The socioeconomic cost of cardiovascular disease (CVD) to the UK is immense, with around 7 million people living with CVD (bhf.org.uk/statistics) and an estimated cost to the UK economy of £19 billion each year. While survival rates from cardiovascular events have been improving, therapeutic options are very limited for many patients e.g. with heart failure or debilitating genetic disease. By advancing stem cell technology, this research will support industry to help patients, thus promoting the health and wealth of the nation.

Who will benefit from this research?

> Drug development industry - any path to decreasing the attrition rate of drugs during the development process will decrease costs and improve the flow of drugs to patients. Stem cell technology is anticipated to have a major impact on this field in the coming years by providing access to accurate patient-specific models of disease (using iPSCs and gene editing), drug-safety pharmacology screens and disease biomarkers. This will help to de-risk drug development but also help to make it more personalised - a concept known as precision medicine. This research, helping to better understand cardiac differentiation, how to control cardiac progenitor cells (CPCs) and direct their differentiation in line with human development, will provide immediate opportunity for making authentic human cell models of the heart. These innovations will provide immediate benefit to the new 'Medicines Discovery Catapult' (MDC), an Innovate UK funded organisation aimed at supporting UK businesses develop drugs by developing patient relevant cell models and validating biomarkers. It will create the tools and the knowledge the MDC needs to deliver these goals. As such, further along, this will benefit the pharmaceutical industry who are poised to reap the rewards of stem cell technology, but have been held back up to now by the inaccuracy of the available models; to ensure that potential gains safely outweigh the risks, they need these to be well-validated and of high-confidence.

> Regenerative medicine industry - the UK cell therapy industry is a rapidly growing commercial sector that in recent years has benefited from increased investment, including through the Innovate UK 'Cell and Gene Therapy Catapult', now also building a large-scale GMP-compliant manufacturing centre in the UK to support production needs.

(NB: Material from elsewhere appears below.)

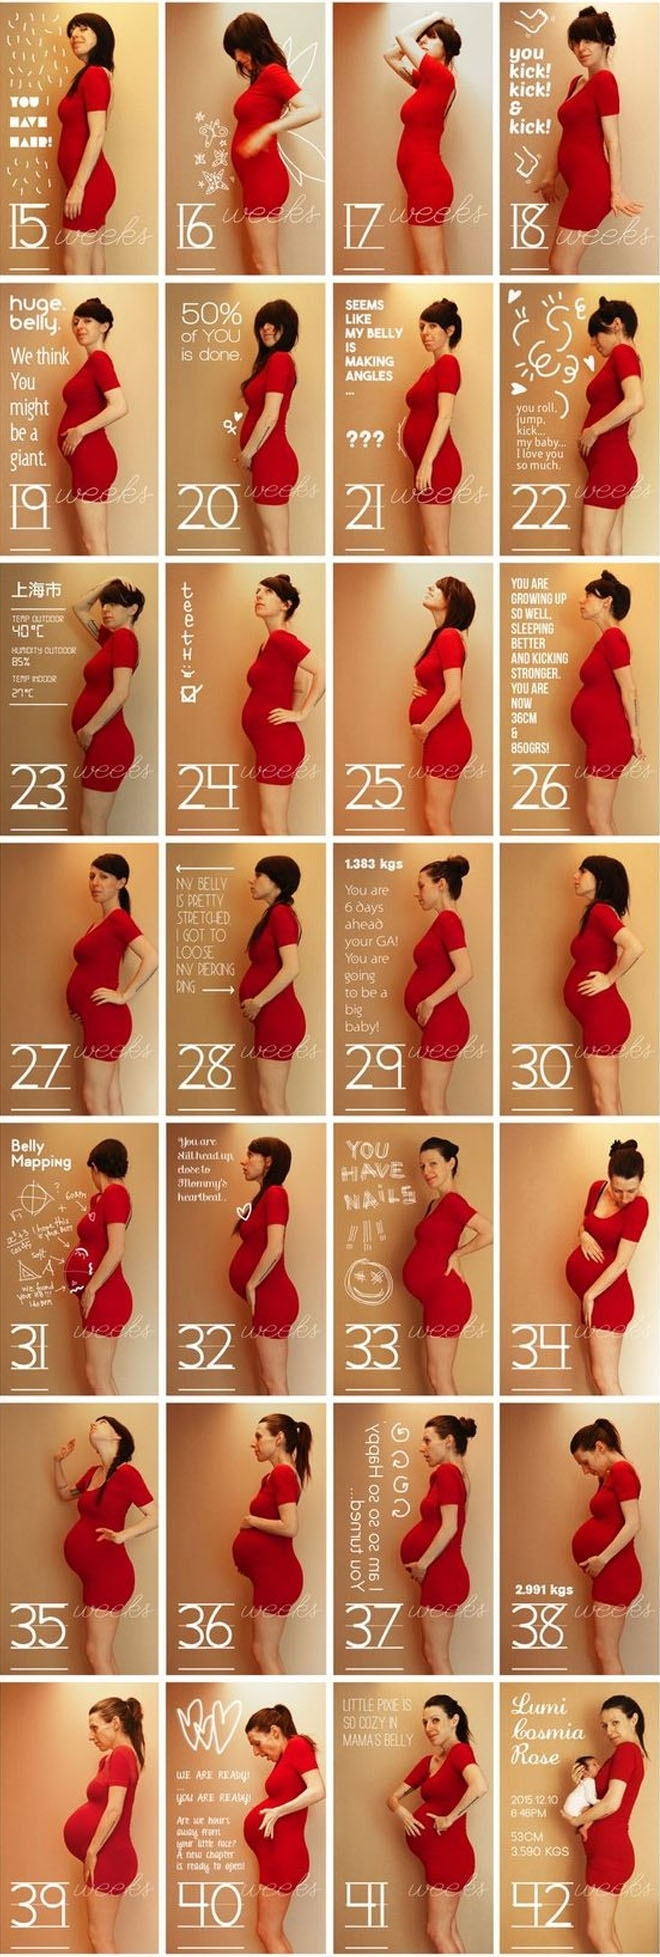 14 Weekly Photo Ideas To Take During Pregnancy | Mum's Grapevine regarding Pregnancy Photos Week By Week

The industry needs to scale up the manufacture of existing therapies for clinical trials; but to continue growth, needs also to have new innovative therapies entering the development pipeline. By developing CPC technology, including novel approaches to isolate and maintain these cells, and validating their behaviour in vivo, this research will provide important groundwork towards a regenerative therapy for heart disease.

> The public - for those affected by heart attack and heart failure, advances in regenerative medicine will bring hope where there was none. By unlocking its potential, this innovative research will help transform the clinical applications of stem cell technology. It also promises to help those suffering from heart disease from genetic causes by facilitating the development of precision medicine and treatments tailored to particular genetic defects. The benefits of both may start to be realised in the next 10 years. Improvements in the drug development pipeline in industry e.g. with new human disease models and improved safety pharmacology, should also improve future drug flow to the market (beyond 10 years).

> Charities - many charities focused on combating CVD will benefit including the British Heart Foundation (BHF), the biggest independent funder of CVD research in the UK. This research will help by delivering innovative technology but also by creating a network of skilled scientists motivated to fight for this cause on into the future.